Arrow-right Camera
The Spokesman-Review Newspaper
Spokane, Washington  Est. May 19, 1883

Taliban launches major offensive, seizes villages

Candace Rondeaux and Javed Hamdard Washington Post

ISLAMABAD, Pakistan – Hundreds of Taliban fighters took control of seven villages in southern Afghanistan Monday in what appeared to be a major offensive near the country’s second-largest city, Kandahar, according to Afghan officials.

An estimated 500 Taliban fighters swept into several villages in the Arghandab District, about 15 miles northwest of Kandahar, officials said. Agha Lalai Wali, an official with the government-sponsored Peace and Reconciliation Commission in Kandahar, said the fighters surged into the area Sunday evening, setting up several checkpoints in the district. Wali said local residents had reported seeing dozens of fighters believed to be of Pakistani and Arab origin traveling in the area in pickup trucks shortly before the incursion.

The Taliban’s seizure of the villages comes three days after a spectacular prison break at a Kandahar jail, during which an estimated 1,000 to 1,200 prisoners, many of them Taliban fighters, escaped.

A spokesman for the Afghan Defense Ministry, Brig. Gen. M. Zaher Azimi, said late Monday evening that hundreds of Afghan soldiers were being deployed from Kabul and elsewhere around the country to the south to mount a counteroffensive following the attacks in Arghandab.

Officials with the NATO-led International Security Assistance Force said Western troops were also being redeployed to support Afghan forces heading the counteroffensive. A spokesman for the force, Gen.

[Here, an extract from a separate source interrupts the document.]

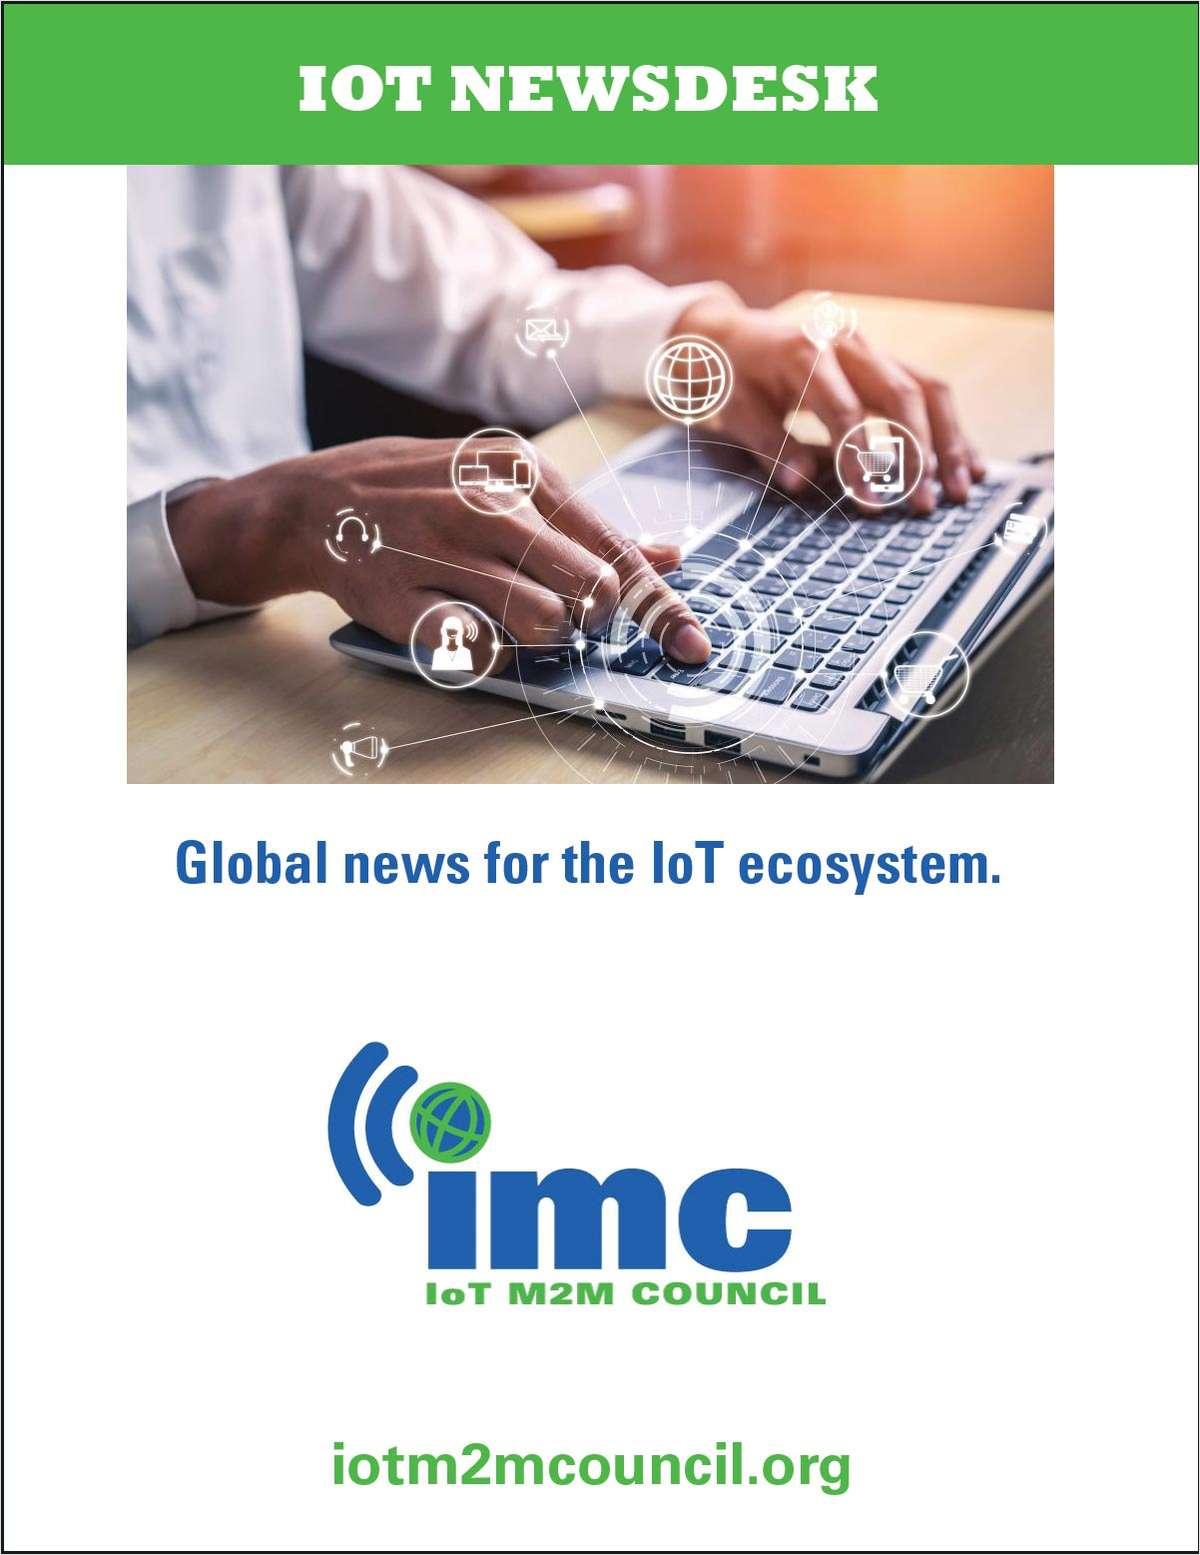 IoT Newsdesk

Carlos Brancos, said he could not confirm that the Taliban had taken control of the villages in Arghandab, but said ISAF officials had received “information that Taliban insurgents were active in the area.”

Kandahar, a city of roughly 450,000, is considered the birthplace of the Taliban, and fighters trying to infiltrate the city have frequently used Arghandab as a gateway. Arghandab was relatively peaceful until Mullah Naqib, a local leader known for keeping the peace, died there last year. It has since been the scene of several fierce firefights between NATO forces and insurgents.

Afghan officials said Taliban fighters have said they plan to march on Kandahar from Arghandab.

“The Taliban are getting stronger and stronger, and after they attacked the prison, that gave them higher morale,” Wali said.

The prison break appeared to be well-planned and sophisticated. A suicide bomber blew up a water tank trunk near the main gates of Sarposa Prison, and fighters used gunfire and rockets to launch a broader assault. Hundreds of inmates fled into waiting cars and vans commandeered by insurgents, according to Afghan officials in Kandahar.